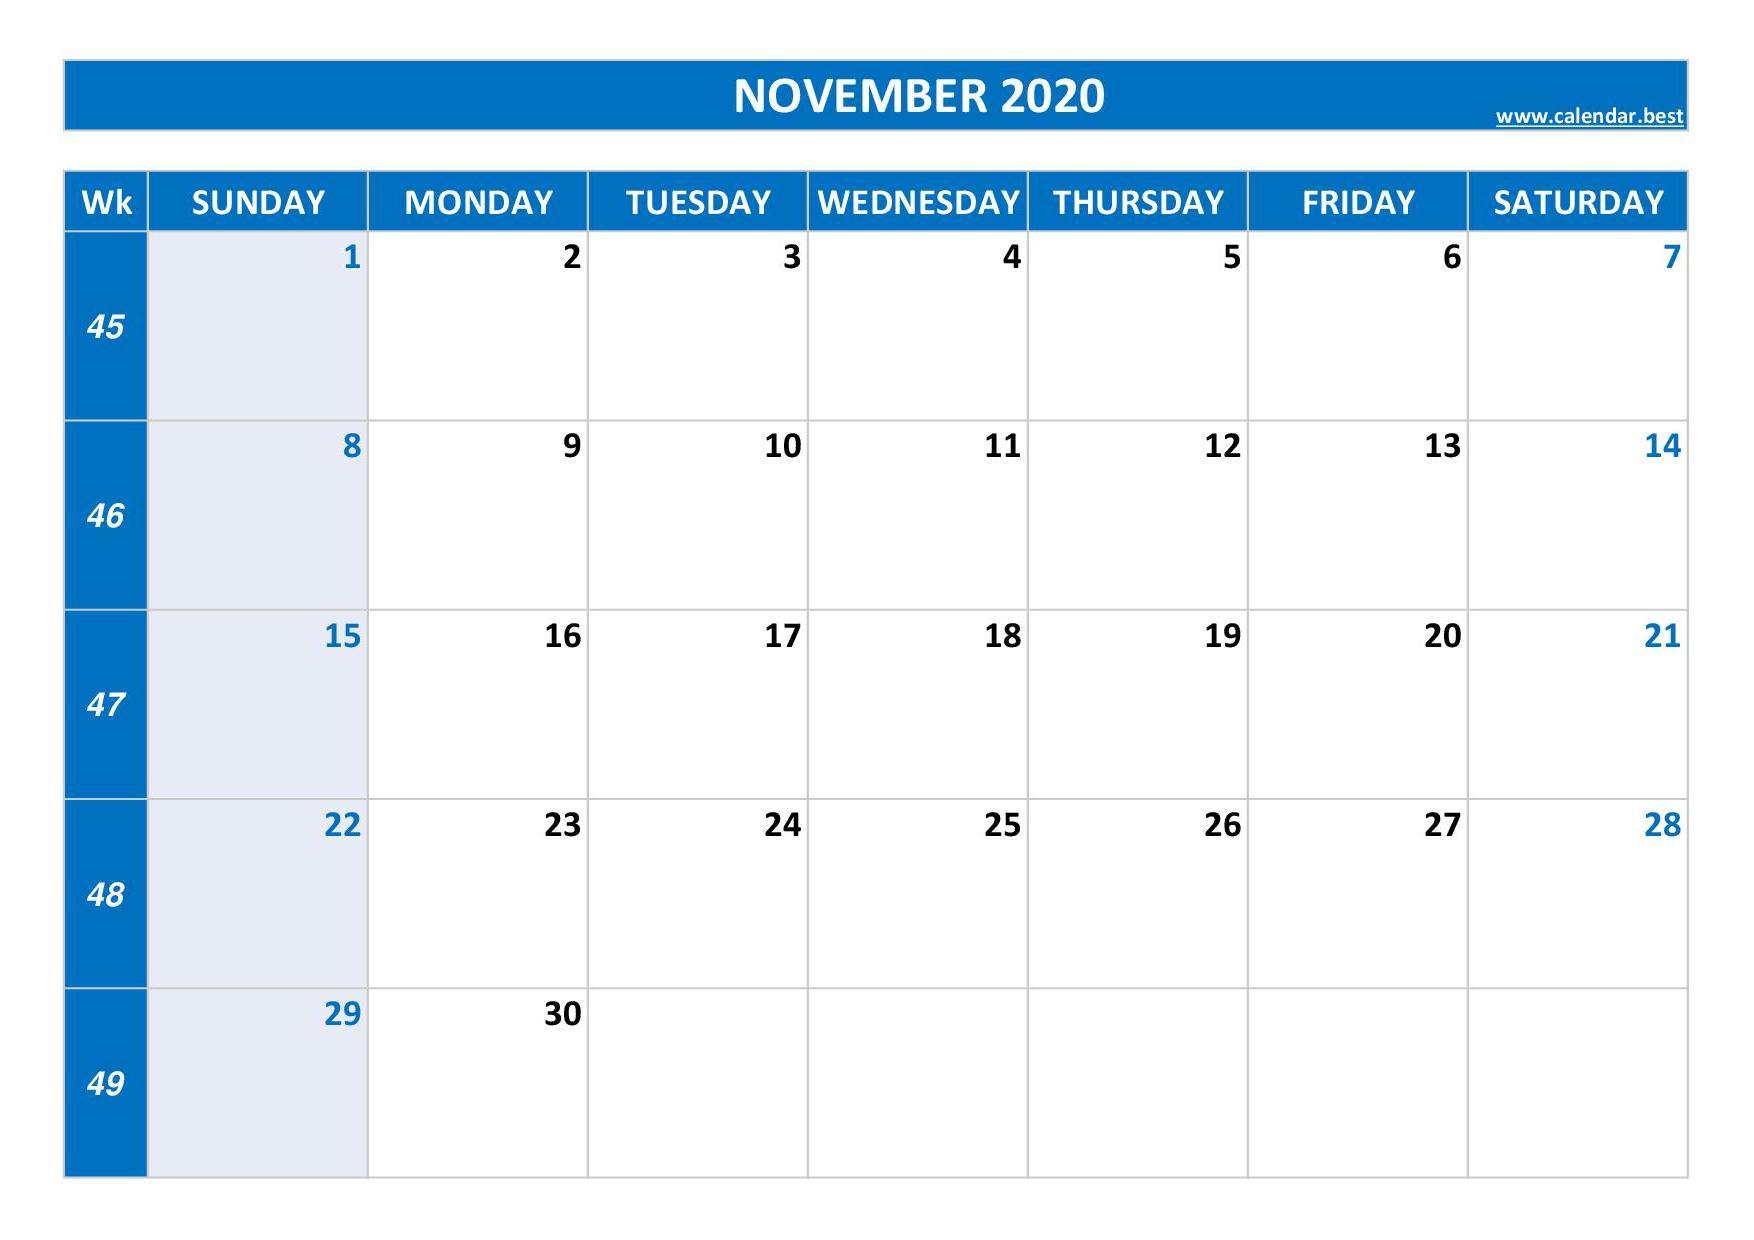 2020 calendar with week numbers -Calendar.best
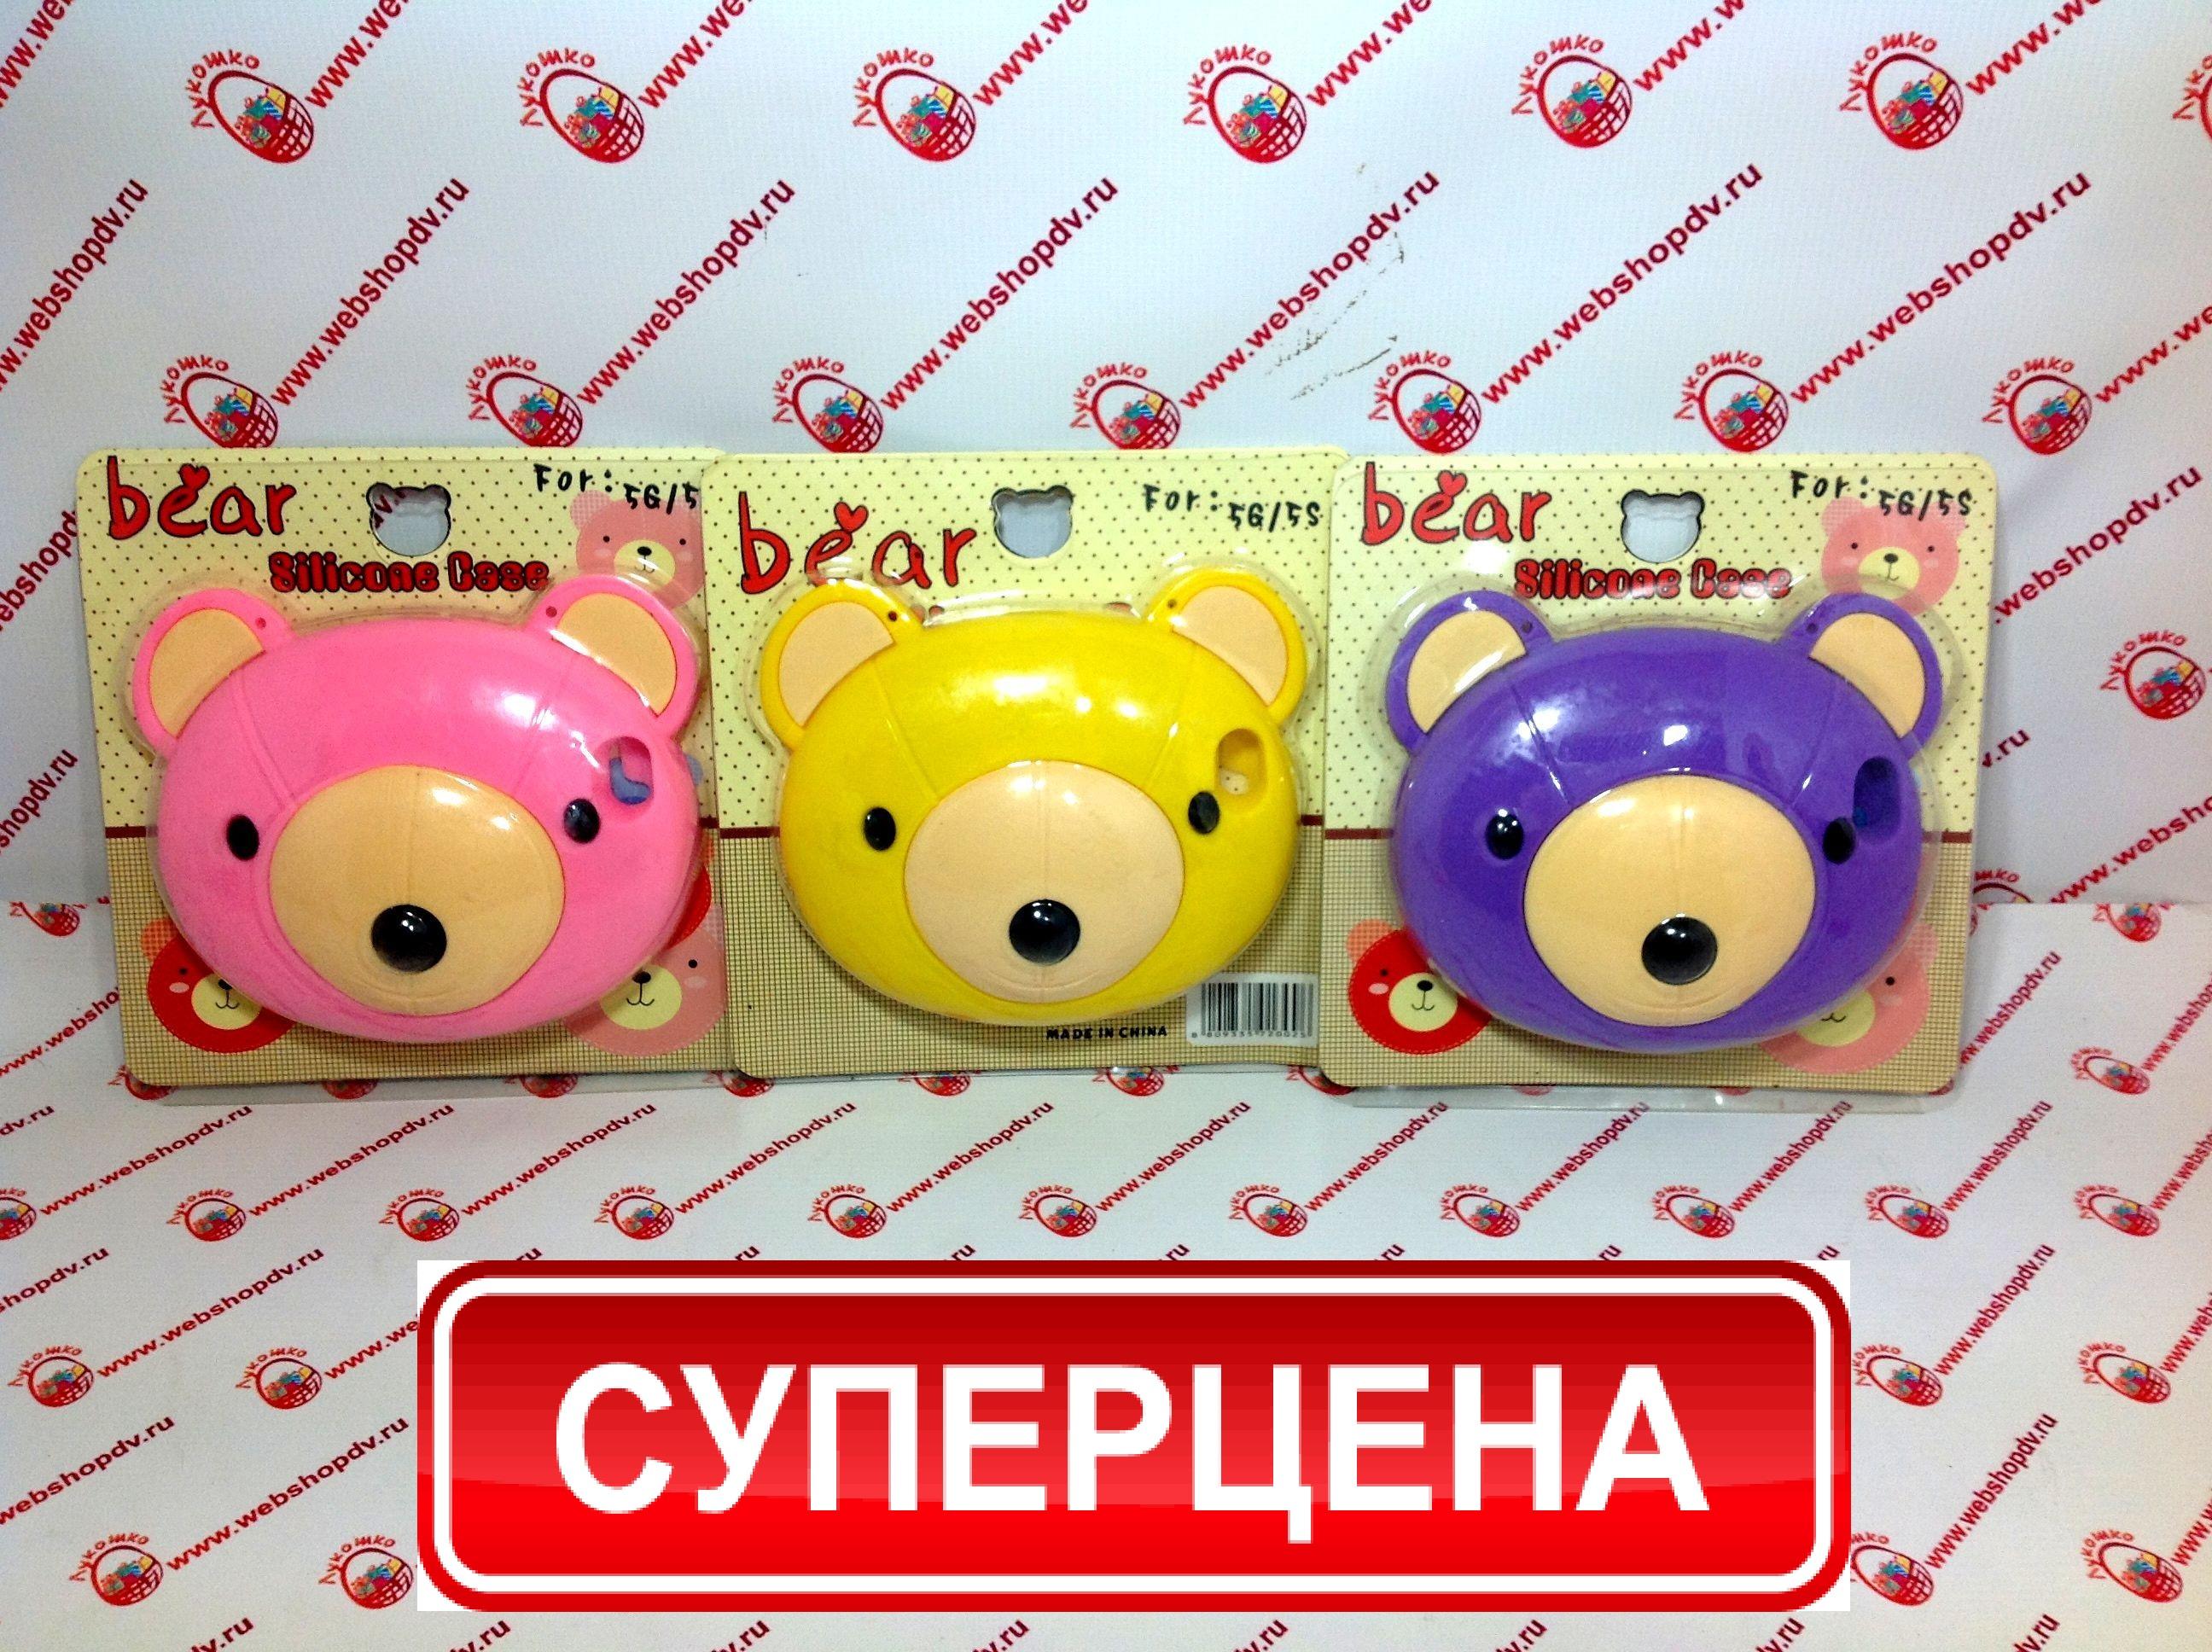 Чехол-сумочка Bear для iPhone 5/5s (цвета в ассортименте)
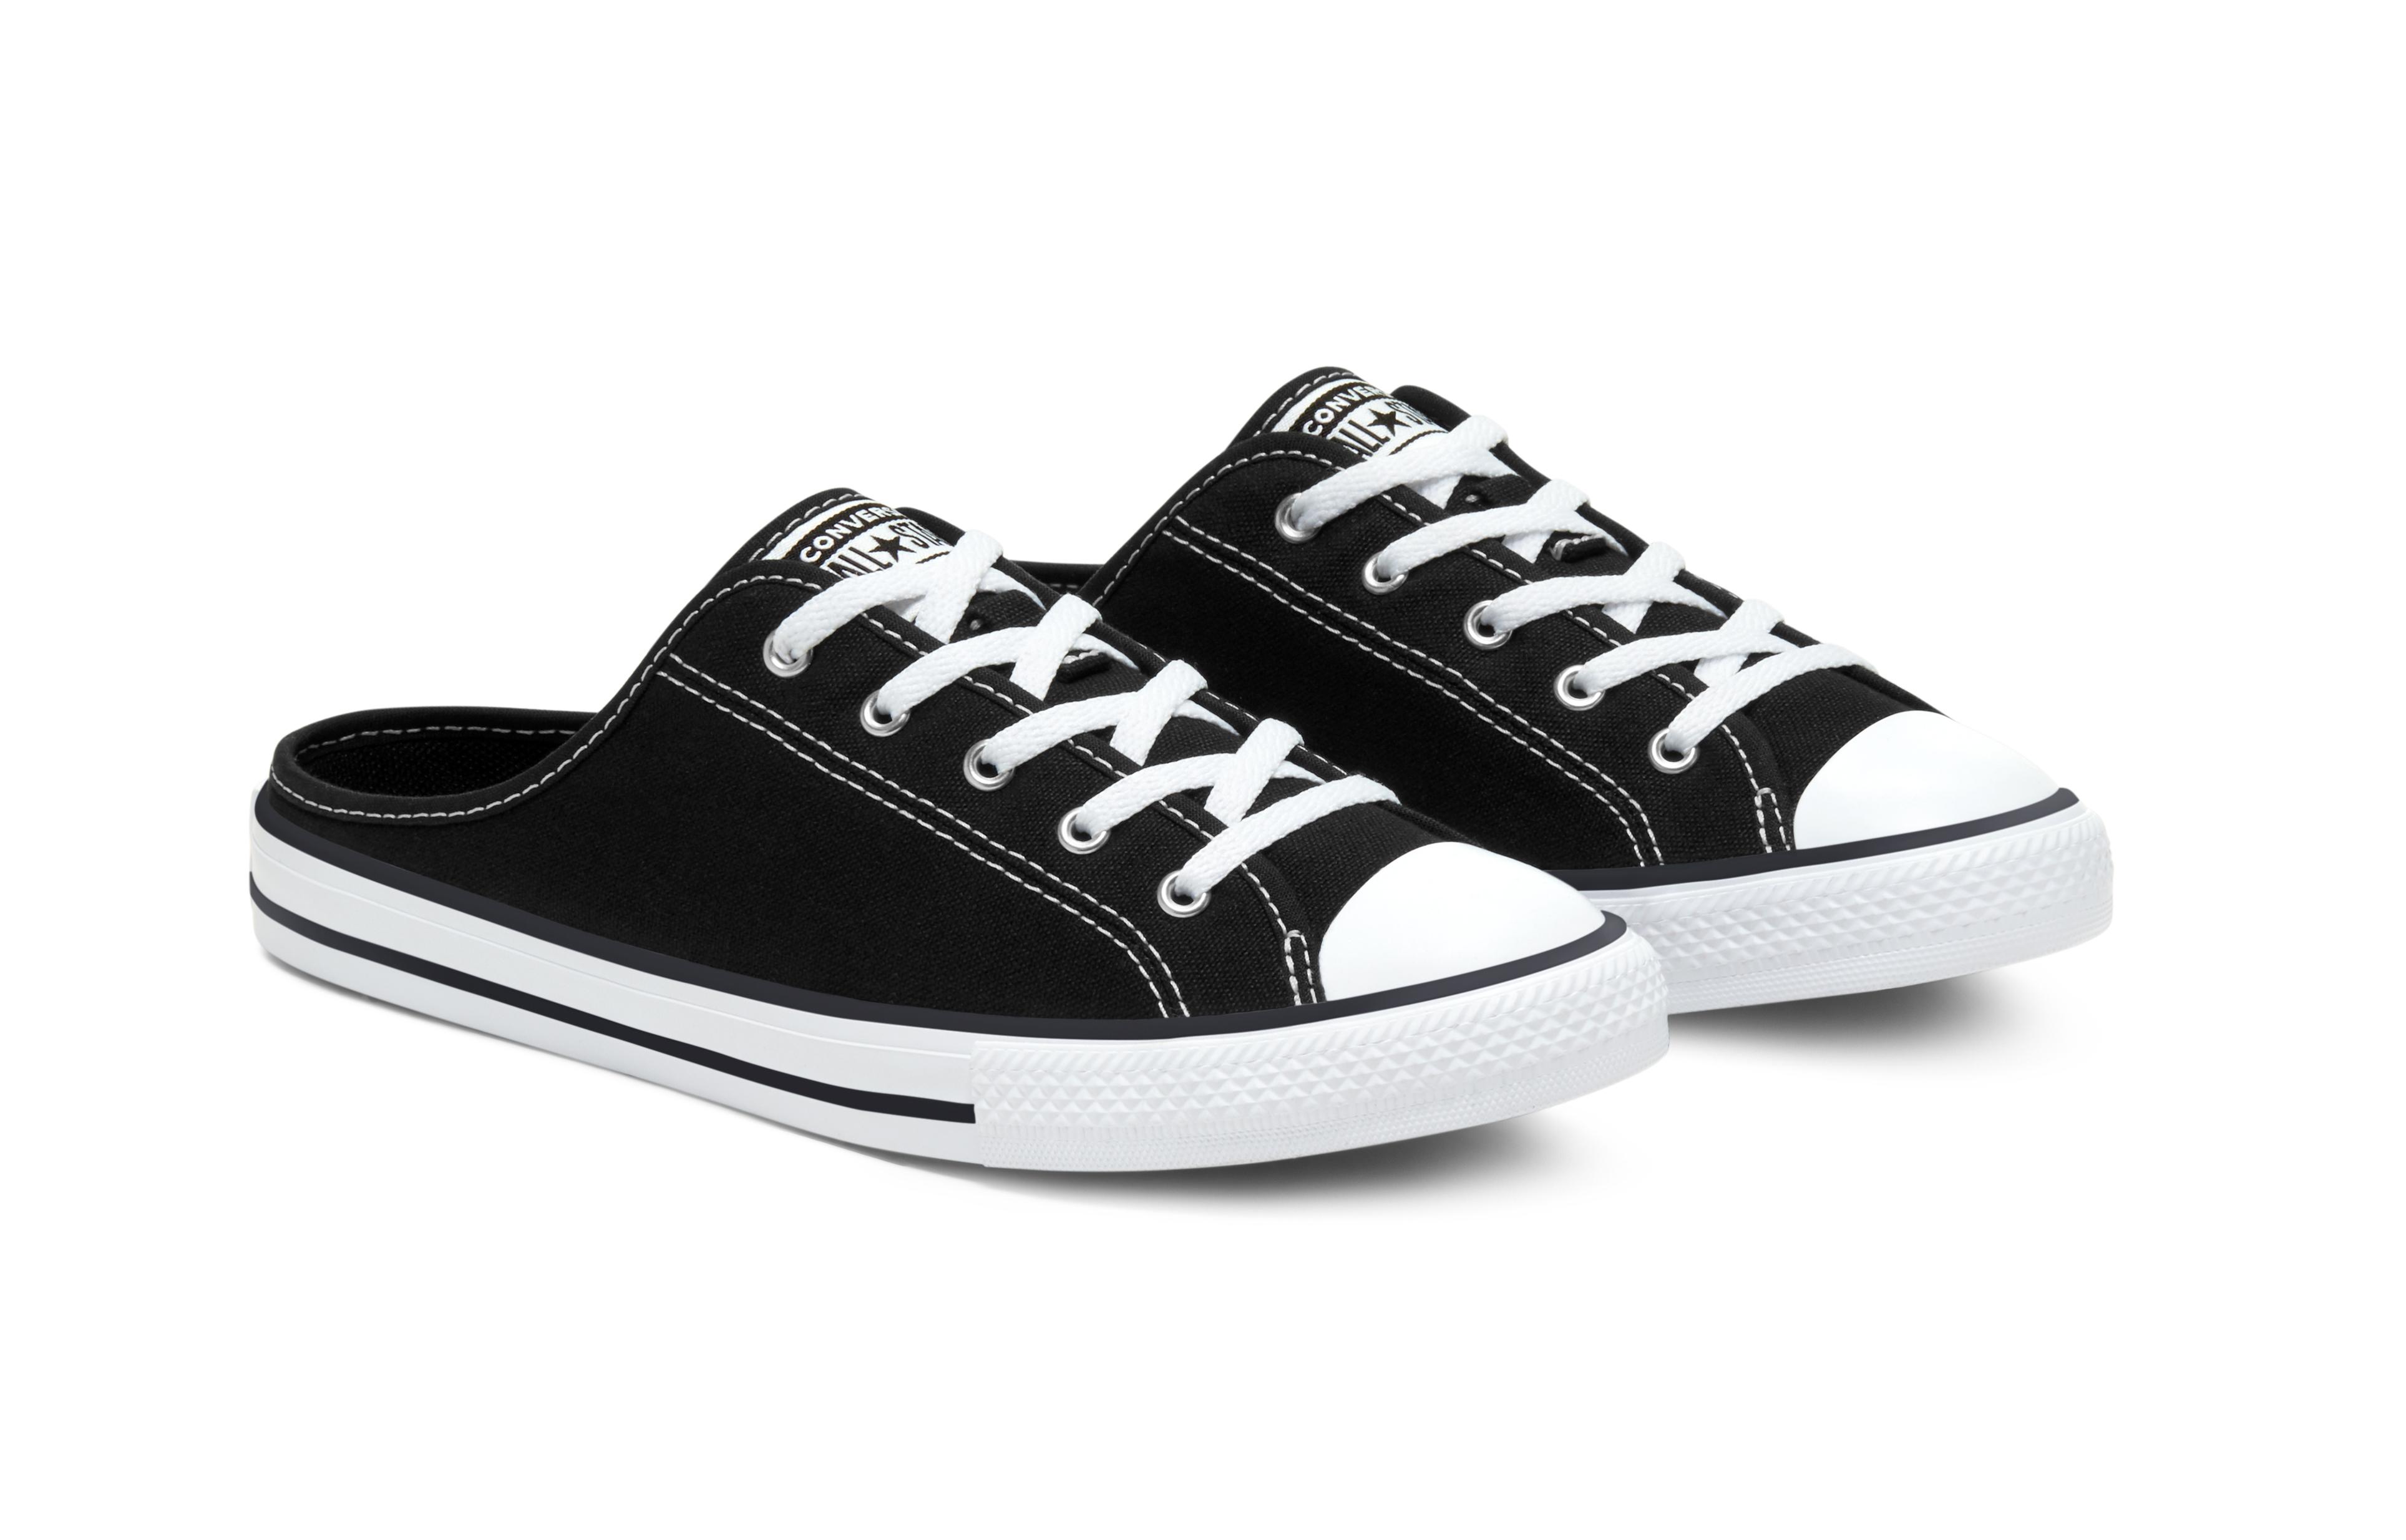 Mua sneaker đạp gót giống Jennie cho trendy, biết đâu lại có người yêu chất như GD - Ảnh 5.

*Task brief:*
Output all of the data exactly. Skip the pictures.

*Finished exercise:*
 2020 calendar with week numbers -Calendar.best
 Чехол-сумочка Bear для iPhone 5/5s (цвета в ассортименте)
 Mua sneaker đạp gót giống Jennie cho trendy, biết đâu lại có người yêu chất như GD - Ảnh 5.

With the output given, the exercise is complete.